I think “Job” speaks to the experience of a young person who went to a liberal arts college between 2010 and 2020, and digs into what it means to be a young person who spends a lot of time on the internet and has forged an identity around the internet.
The play has a reputation for being a thriller, but I would say the thing that I was most attracted to is its most tender quality. The two characters in this play are trying to do right by each other, despite all of their fear. My job as a director was not to lean into the thrill of it, because that was always going to be there, but rather to try to find where its heartbeat lay.
You and Max are longtime friends. What is it like working together, and how do you balance that work-friend relationship?
We get to fulfill this crazy fantasy together. We both know that we are young people who are learning a lot, very publicly, and neither of us has a ton of experience in this arena to back it up. We have helped each other just navigate the situation… because no one else really understands what’s happening.
It must have felt crazy that one day everything just lined up into place.
It’s also terrifying, you know. It’s the best, most privileged kind of growing pains.

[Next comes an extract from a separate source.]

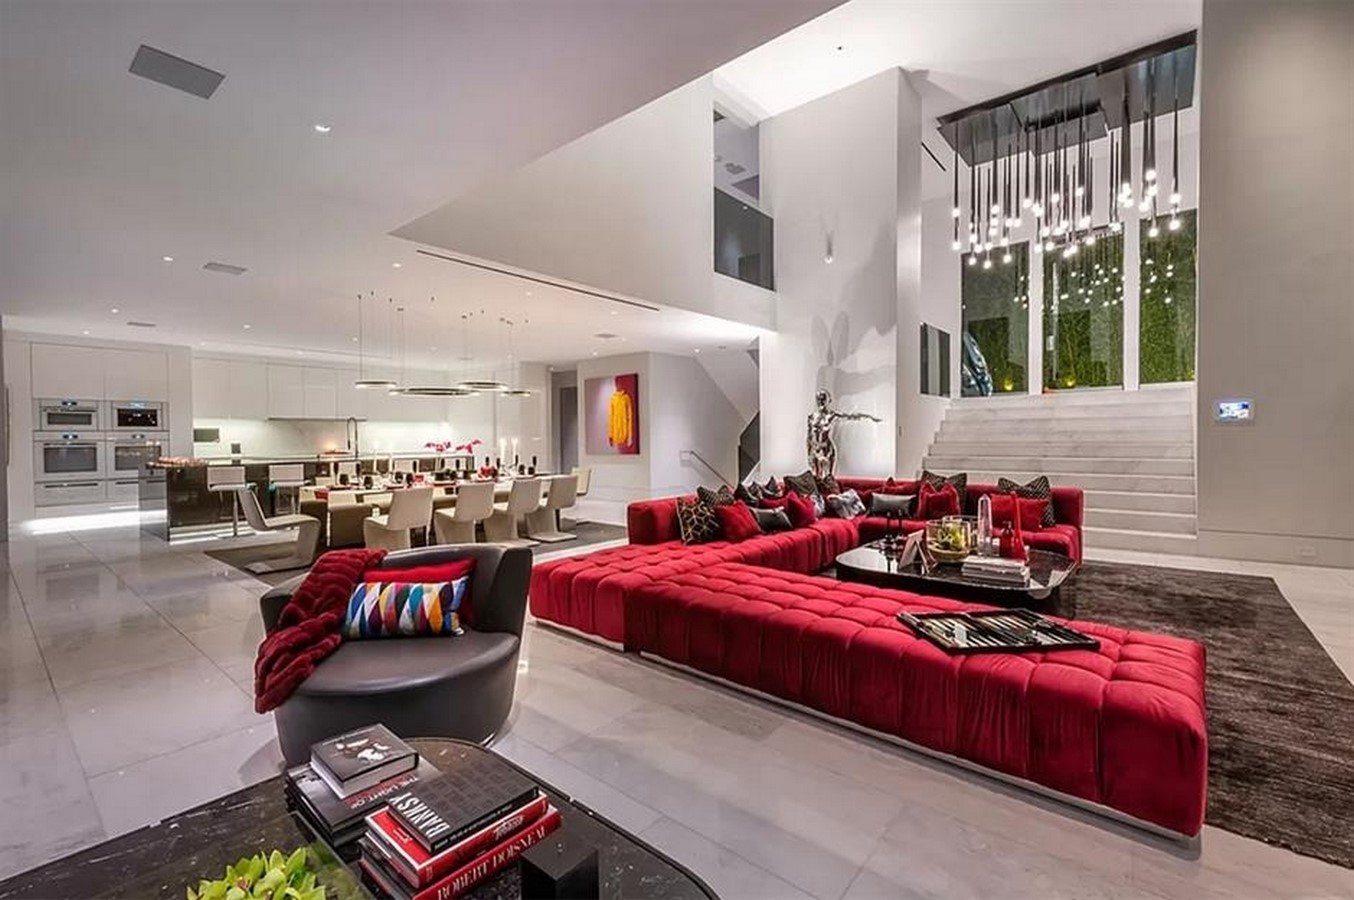 An inside look at all the houses owned by Justin Bieber - Sheet24

Despite being a two-person cast and small crew, there are a lot of Jewish people involved with “Job.” Do you feel Jewish energy radiate through set?

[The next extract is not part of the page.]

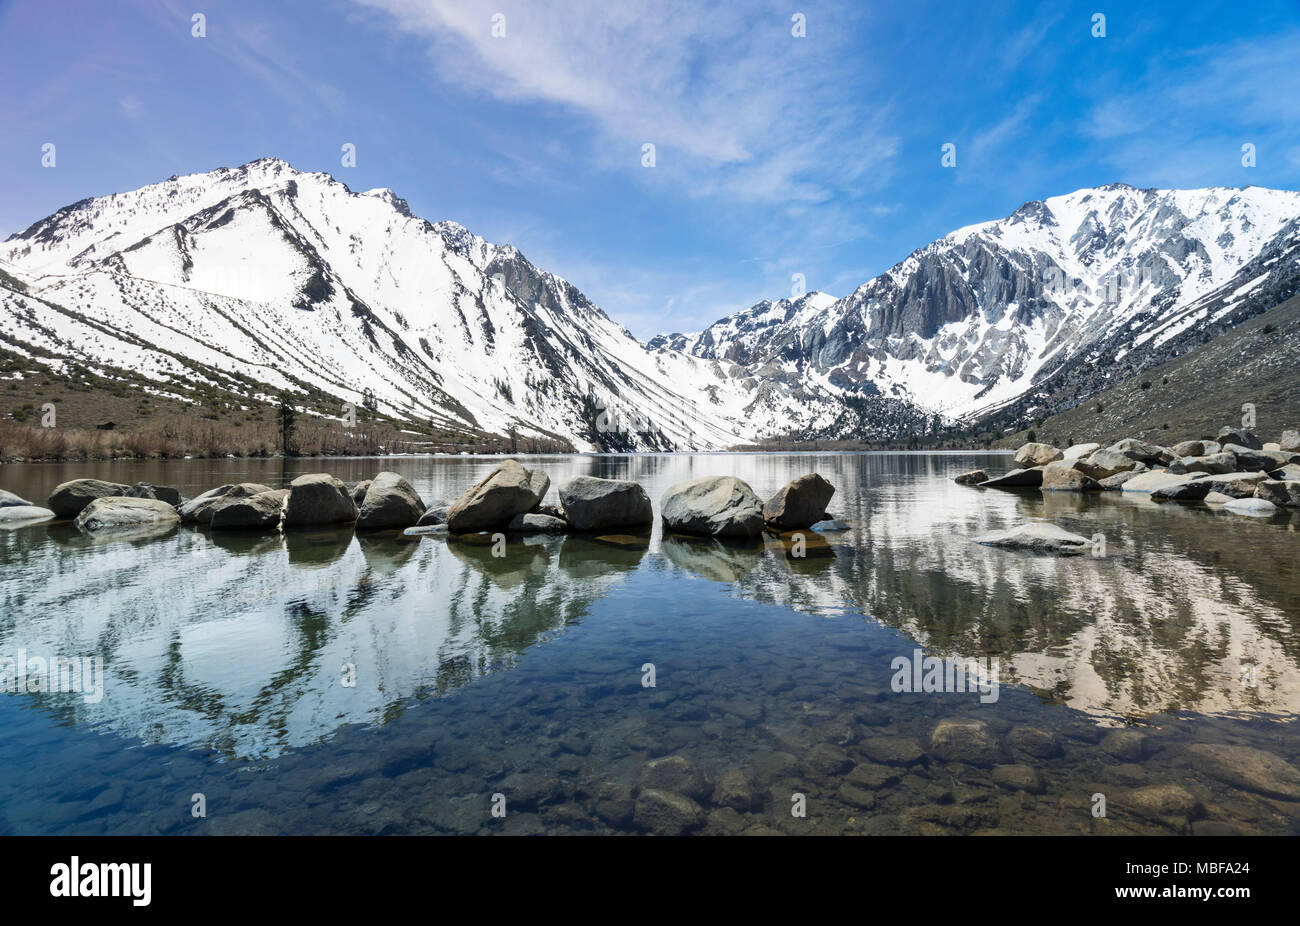 Reflection of snow covered mountains in a calm Convict Lake in Sierra Nevada California, USA Stock Photo

I do feel it radiate through our company for sure.
One of my biggest directing inspirations is Rabbi Ben Spratt from Rodeph Shalom. The way that Ben speaks and gets everyone on the same team, to me, is so directorial. It’s very much the same job, rabbi and director. Our job is to stand in front of the room and tell everybody why this story is relevant and important and how to ground ourselves in something that feels both real and also a little bit mythical.
I’ve taken a lot of my cues from him. There are many times when I stand in front of the company and channel my inner rabbi, thinking what does this company need to hear to best commemorate this moment? And because our journey has been so unique and surprising, I’ve tried to build in time and space for us to celebrate things and to be like, “look at where we are.” A lot of that comes from a very rabbinic standpoint, and a very Jewish sensibility of marking time.
I just learned that, at one point, you thought you wanted to go to rabbinical school. What was the deal with that?
For both rabbis and directors, our job is to tell stories to help people make sense of the world around them. My mission as a theater artist is just to connect people to their emotionality; part of the reason I do theater is just to remind people of their capacity to feel something, be it theory, be it fear, be it pain, be it love, be it joy. I think that’s very true of why people go to synagogue, or why they turn to Judaism — it’s to feel connected to something bigger than yourself, to remind yourself that you belong to a history and a culture and that life is meant to be felt.
What do you want audience members to feel when they leave “Job”?
I actually don’t care, as long as they feel anything. People tend to leave the theater feeling really shaken. And that is sometimes hard for me to contend with.
I hope that the audience has a real ton of empathy for both characters. If they were holding any character in judgment, I hope that by the end, they are not holding that judgment anymore.
And I sort of hope that they see themselves in the story somewhere, especially young people. That feeling of connection might scare you as an audience member thinking “I don’t want to see myself in that story,” but I hope that you do, and I hope that that allows you to walk through the world a little more sensitive and a little more sentient, even for a couple of hours.
“Job” has a limited run. Do you have any projects lined up afterward?
I’m actually going back to where I went to high school, LaGuardia High School, in the fall to direct “Into the Woods.” It’s a very funny change going from Broadway to my high school’s play, but I’m really excited about that. It’s gonna be a really needed change of pace. I can’t wait.